Fear in mothering tangles around our hearts for many reasons. Sometimes we’re so concerned about not making the right choice that we become unable to take a step. Of course, the steps happen whether or not you choose them. Kids continue to grow. Life is always in a state of change.
Fear also comes when we don’t want to experience the disapproval of others. More than once I’ve pushed aside my common sense and volunteered for something because I didn’t want to displease.
I don’t know what you’re afraid of—what makes you push aside your common sense—but these are a few things that have burdened my heart:
- Other people will think I’m a bad mom if I don’t … (insert “opportunity”).
- My kids won’t be able to keep up with other kids.
- My mom/friend/neighbor will think poorly of me.
- Everyone will know how incapable I am.
- My kids will miss out.
When making any decision, we need to ask ourselves, “Am I making this decision out of fear, or am I doing it because it’s God’s choice for my family at this time?”

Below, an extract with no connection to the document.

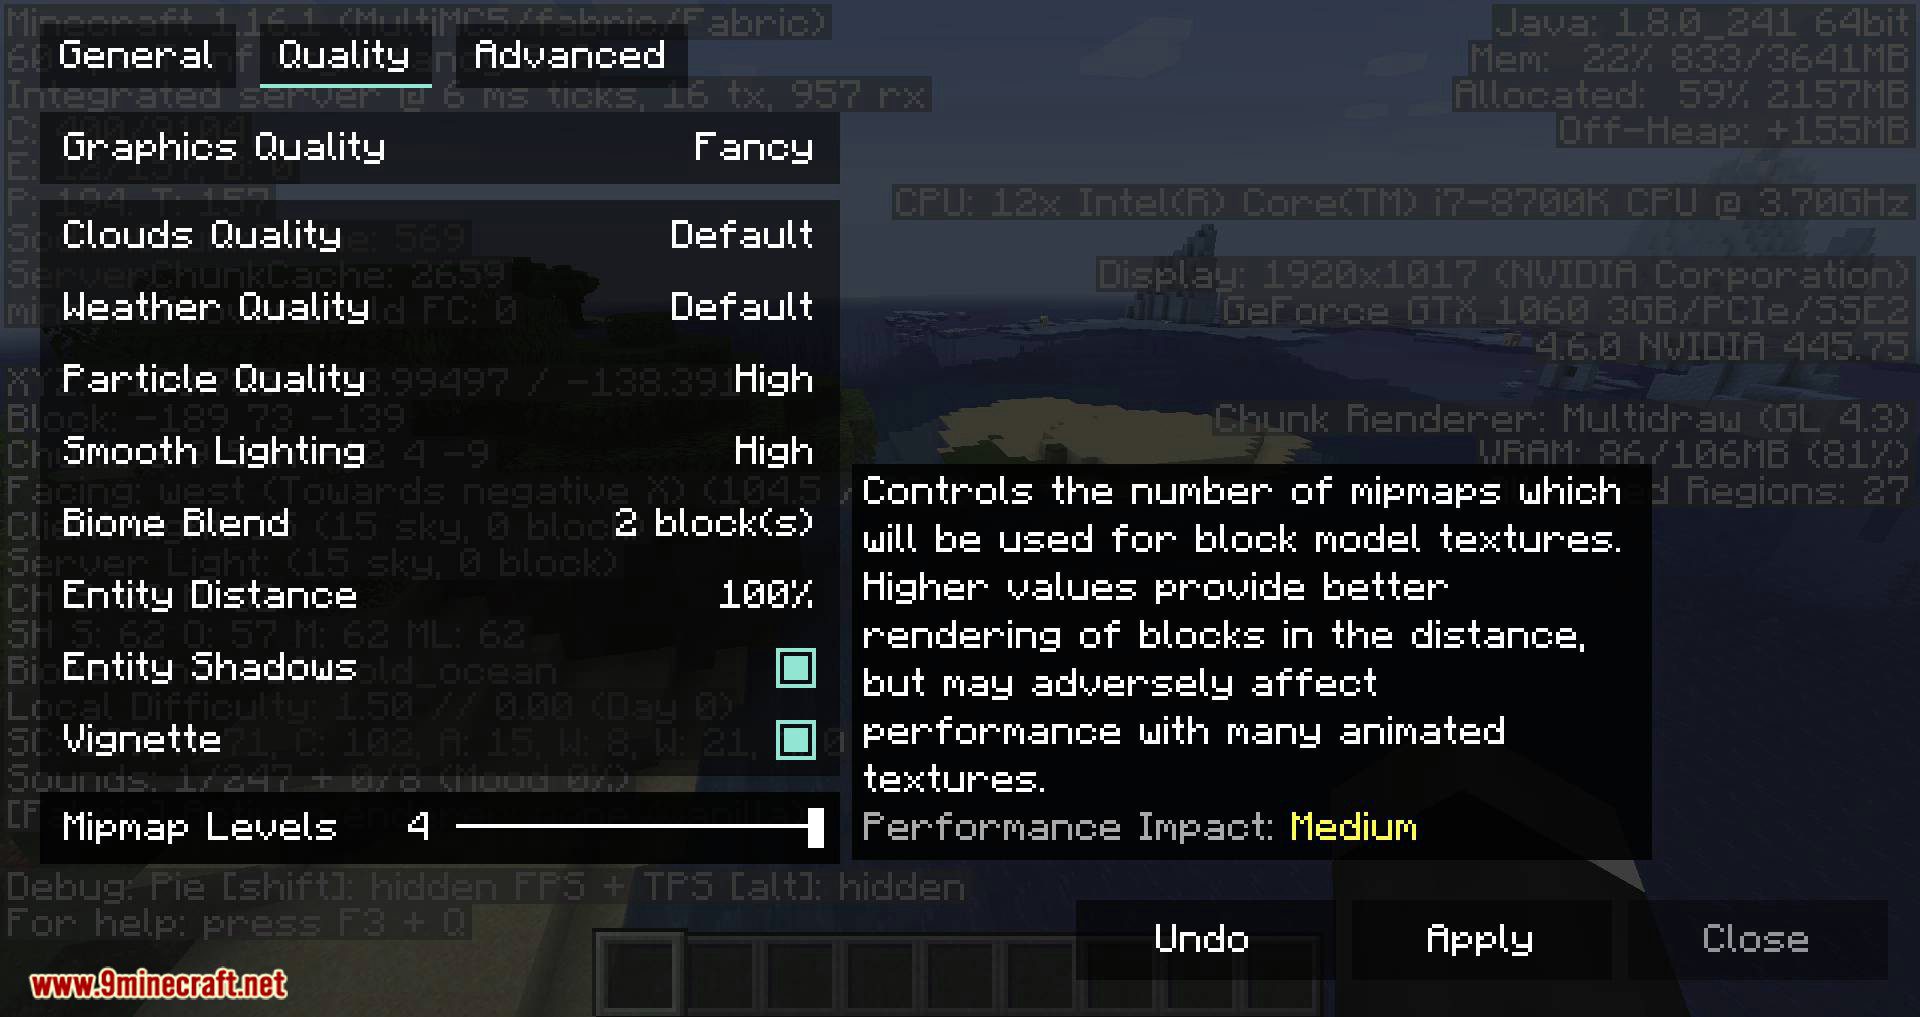 Sodium Mod (1.20.4, 1.19.4) - Boost Your FPS

For example, if you have a preschool age child and you’re considering adding another activity to your week, one common sense question to ask is: “Is my four-year-old physically, mentally and emotionally ready for team sports, organized education, or artistic development?”
In a society that praises accomplishment, children are often forced to take on roles they’re not comfortable with or ready for. Kids are compelled to grow up sooner than they want to—by parents who worry they’ll be left behind.
As parents, we should never be fooled to think we can ever ‘keep up.’ In every area of our children’s lives, someone else will always be brighter, faster, or better. Of course, there’s nothing wrong with wanting our children to be the best they can. But often this “best” becomes detrimental when we push our kids to do too much, too soon.
I have a huge list of classes, workshops, and “opportunities” that I signed my kids up for not because I felt it was God’s plan for our family, but because I was afraid of my kids not being successful in life. I’ve discovered that even if they do miss out on some things, they benefit from what they get instead—like family dinnertime, stories at bedtime, Scripture memorization with Mom. Things that build a foundation for their future.
“The things that are right, noble, and good from the natural standpoint are the very things that keep us from being God’s best,” says Oswald Chambers, in one of my favorite devotional books, My Utmost for His Highest.
And we need to remember, God’s best will be different for each family. When talk to my friend Martha about this, this is what she had to say: “Being bold means I am bold enough to stand up for my kids if they are being treated wrong even though I am a shy person. I don’t make them do gymnastics because that is what I always wanted to do. I buy them shoes that will last all year, but not be as cool as the others, and I have fun with my kids because it is important.”
What about you?
A few good questions to ask yourself are:
What would be the best things that I could give my child—that would train his heart and prepare him for the future?
What good things do I need to give up so I can focus on the best?
The answers could change everything. And when you do decide, you can step out with boldness.